謝長宴不可否認,季廷陽的話確實如刺一般戳進他的胸口,留下了一道疤痕。

每次想到照片上的那個男人,那根紮在他胸口上的刺就深了幾分。

謝長宴周圍的氣場瀰漫着冷氣,公司裡的員工們紛紛拉響警報,所有人做事都繃緊了神經,沒有一個人敢在這種時候找不痛快。

唯獨某一個人。

“阿宴在裡面嗎?”林絮過來。

特助看見她,就彷彿看見了光,腦袋上下瘋狂點着,“對對對,林小姐您快進去吧。”

他知道謝總在和這位林小姐交往,也知道謝總每次看見林小姐時,心情都會有陰轉晴。

早就迫不及待等着林絮的到來了。

“對了,如果您方便的話,能把這份也順手帶給謝總嗎?”特助把手中的文件遞給林絮。

林絮笑了笑,沒想到在季氏的幫忙遞文件也就算了,怎麼到了謝氏之後也做上了幫忙遞文件這事,“好。”
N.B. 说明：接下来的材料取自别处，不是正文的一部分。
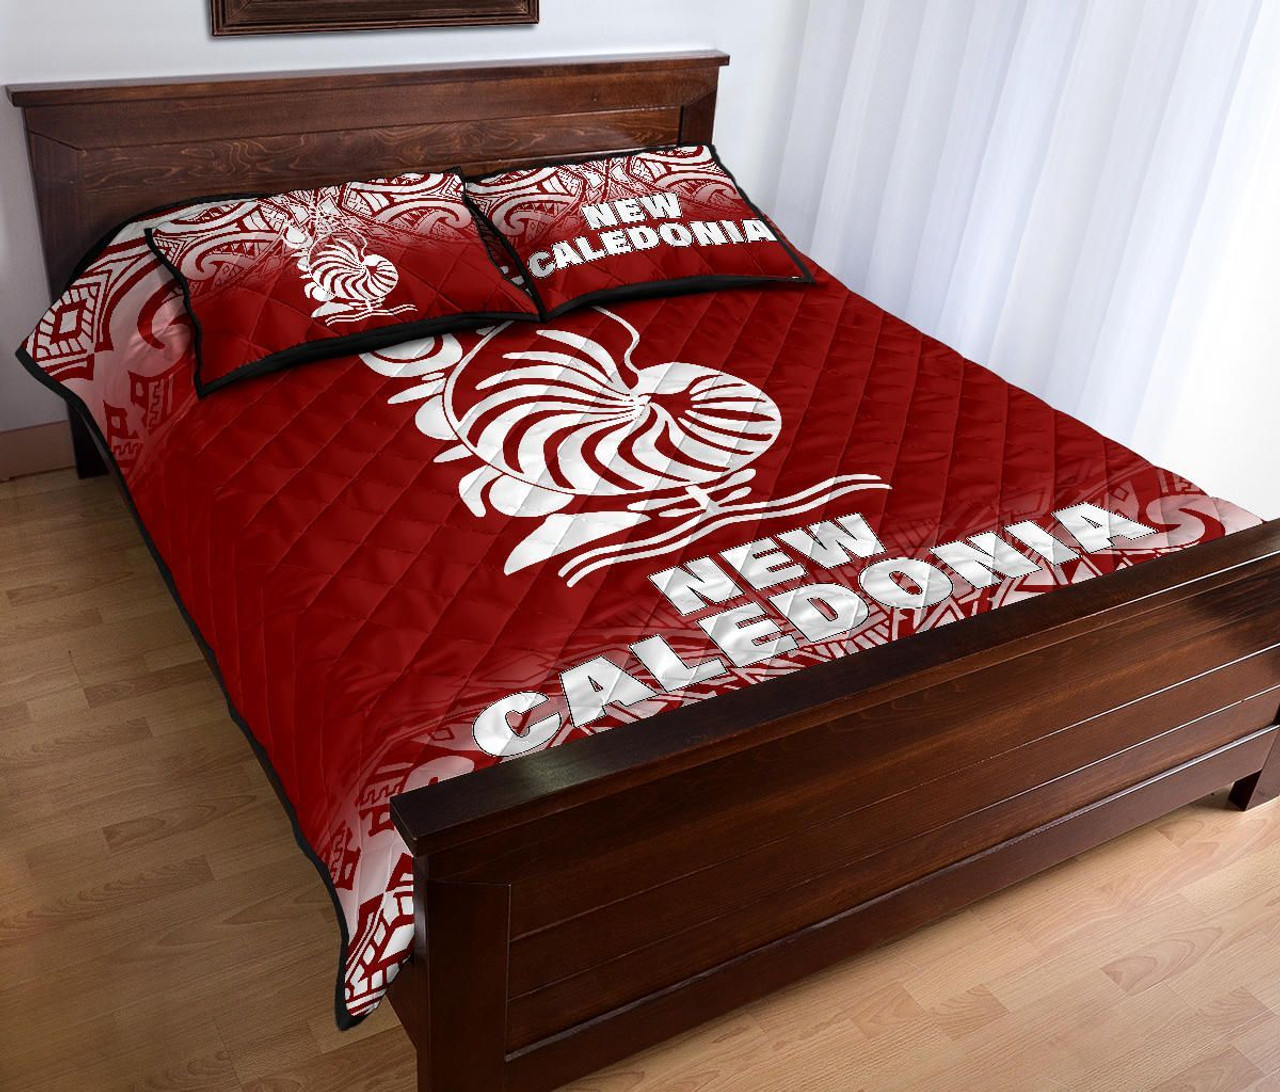 New Caledonia Quilt Bed Set - New Caledonia Coat Of Arms Polynesian Tattoo Red Fog Style 4

她推門而入,一股逼人的寒氣就迎面而來,冷得她抖了抖身子。

謝長宴聽到動靜後擡頭,看見林絮之後,一抹複雜的情緒在他眸底稍縱即逝。

下瞬,他就斂起了身上的寒氣。

“怎麼過來了?”謝長宴放下手中的鋼筆。

“可能是因爲有人給我打電話了吧,說這裡火情十分嚴重,讓我過來救火。”林絮莞爾一笑。

她上前,望着他那雙清澈的瞳眸裡泛起一絲關心,“是昨晚季廷陽和你說什麼了嗎?”

林絮不明白,小時候那麼乖巧可愛的季廷陽,長大後怎麼會歪得那麼嚴重。

不止性格那張嘴的功力很毒,就連季澤秋也常常吵不過他,在他手下吃癟,十次有八次都被氣得炸毛。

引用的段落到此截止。